Why Sickle Cell Awareness Month Is Important to Me
A Message from Charlie Homer, MD, MPH
NICHQ's President and CEO
This month, our nation is recognizing two conditions that affect children. It is National Childhood Obesity Awareness Month and it is also Sickle Cell Awareness Month. Because you have undoubtedly heard a lot about the former, I would like to draw attention to the latter, the less common and less known of these – sickle cell disease.
Building awareness of sickle cell disease (SCD) is a cause I take very personally because I believe the performance of our healthcare system is defined best by how we care for our most needy and vulnerable patients. And how we care for SCD patients leaves a lot to be desired.
SCD is the most common genetic disorder detected in the routine newborn screening exams done for every child. While rare compared to obesity, it affects nearly 100,000 Americans, largely among individuals of African ancestry, but increasingly Latino and other populations as well.
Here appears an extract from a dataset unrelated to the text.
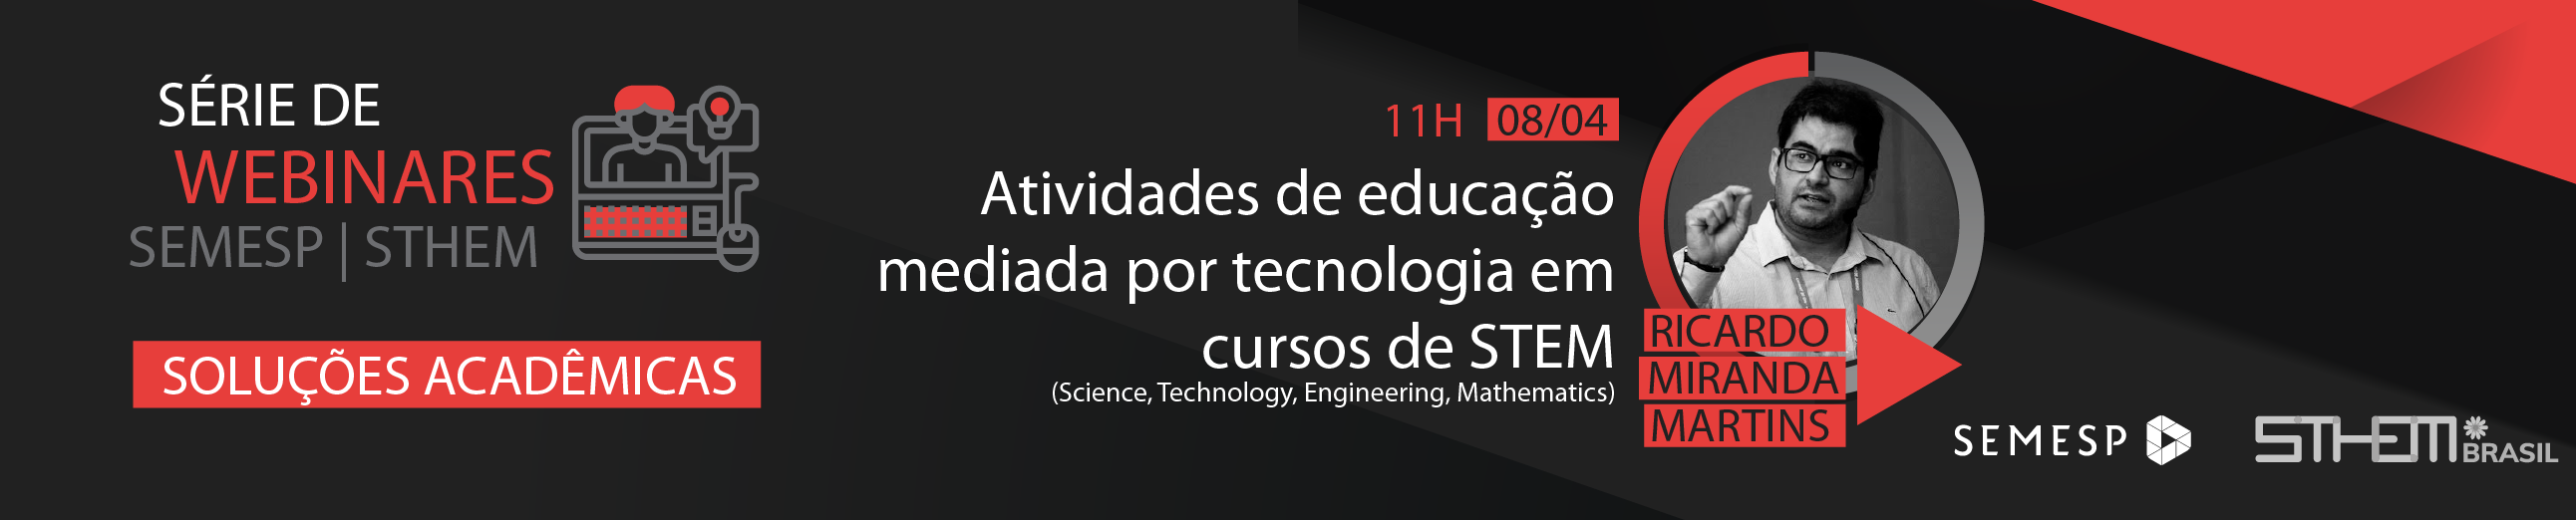 Série de Webinares Semesp | Atividades de educação mediada por tecnologia em cursos de STEM (Science, Technology, Engineering, Mathematics)

Under certain conditions – such as dehydration, cold, stress, or infections – the red blood cells in affected individuals become misshapen and block small blood vessels. This causes episodes of extreme pain (which often require pain treatment in the emergency department) and injury to organs.
We have made tremendous progress in the care of people with SCD since my training thirty years ago. Back then, most individuals with sickle cell disease didn’t survive until adulthood. Now, median life expectancy for individuals with sickle cell disease extends to the fifth decade of life.
But while we have made tremendous progress, we have a long way to go. Rates of death for children with sickle cell disease vary fivefold across states, meaning that many children continue to die unnecessarily from this condition. The one medication that offers specific treatment for this condition, hydroxyurea, is vastly underused. Few adult specialists treat individuals with SCD. Most adult primary care doctors see too few individuals with the condition to develop or maintain expertise.
We don’t have a system that tracks the care and outcomes for all of these individuals. Such a system would allow us to truly assess whether they are getting the care they need and achieving the outcomes they should. It would also enable us to learn from the care of each person with sickle cell disease and improve outcomes beyond where they are today.
When you ask adults with SCD about their care, their near universal response is to passionately decry the care they receive in the emergency department (ED). Some of that is no doubt the common ED experience for many patients – e.g., long waits and competing demands for the attention of the overworked staff.
But what I hear is deeper than that. What I hear is the experience of indignity, of lack of respect, of lack of trust. These patients are asking for strong medication for pain that cannot be objectively measured by a blood test or a blood pressure cuff. And so, even if they have a regular doctor in the community, even if they have had multiple visits to the same institution, they are treated with distrust.
We at NICHQ are working with teams across the country to improve care, experience and outcomes for people living with SCD. Through the WISCH (Working to Improve Sickle Cell Healthcare) program, an initiative supported by the Health Resources and Services Administration (HRSA) and led by NICHQ and its partners, fifteen teams from around the country are focusing on assuring the reliable delivery of evidence based treatment, strengthening the coordination of care both among healthcare professionals and with community agencies, preparing for transitions within the healthcare system, accelerating and improving care in the emergency department, and standardizing communication with parents of children who are diagnosed with SCD or sickle cell trait during newborn screenings. By learning from variations, this multi-year effort stands to produce powerful solutions for the treatment of this complex disease.
We are already seeing substantial results from this work. For example, teams such as those from Massachusetts, Pennsylvania, Ohio and Tennessee are reducing the time that patients wait before receiving pain medication in the ED.
The changes we are making to fix the healthcare system so that individuals with SCD get superb care will benefit everybody. We all need a healthcare system that seamlessly links public health systems (such as newborn screening) with healthcare delivery. We all need a healthcare system that provides compassionate and technically expert care. We all need a healthcare system where doctors provide exceptional care for everyone in need, not only for those whose conditions are well reimbursed.
When individuals with sickle cell disease get such care, they live longer, are more productive, experience fewer hospitalizations and incur lower healthcare costs. The same systems and approaches improve outcomes for all people with chronic conditions.
This month, let us increase our awareness of childhood obesity, and create environments where children and families can get healthier food and be more active. But let us also increase our awareness of sickle cell disease, and commit ourselves to creating a healthcare system that meets the needs of individuals with this condition. In so doing, we will create a system that will better care for all of us.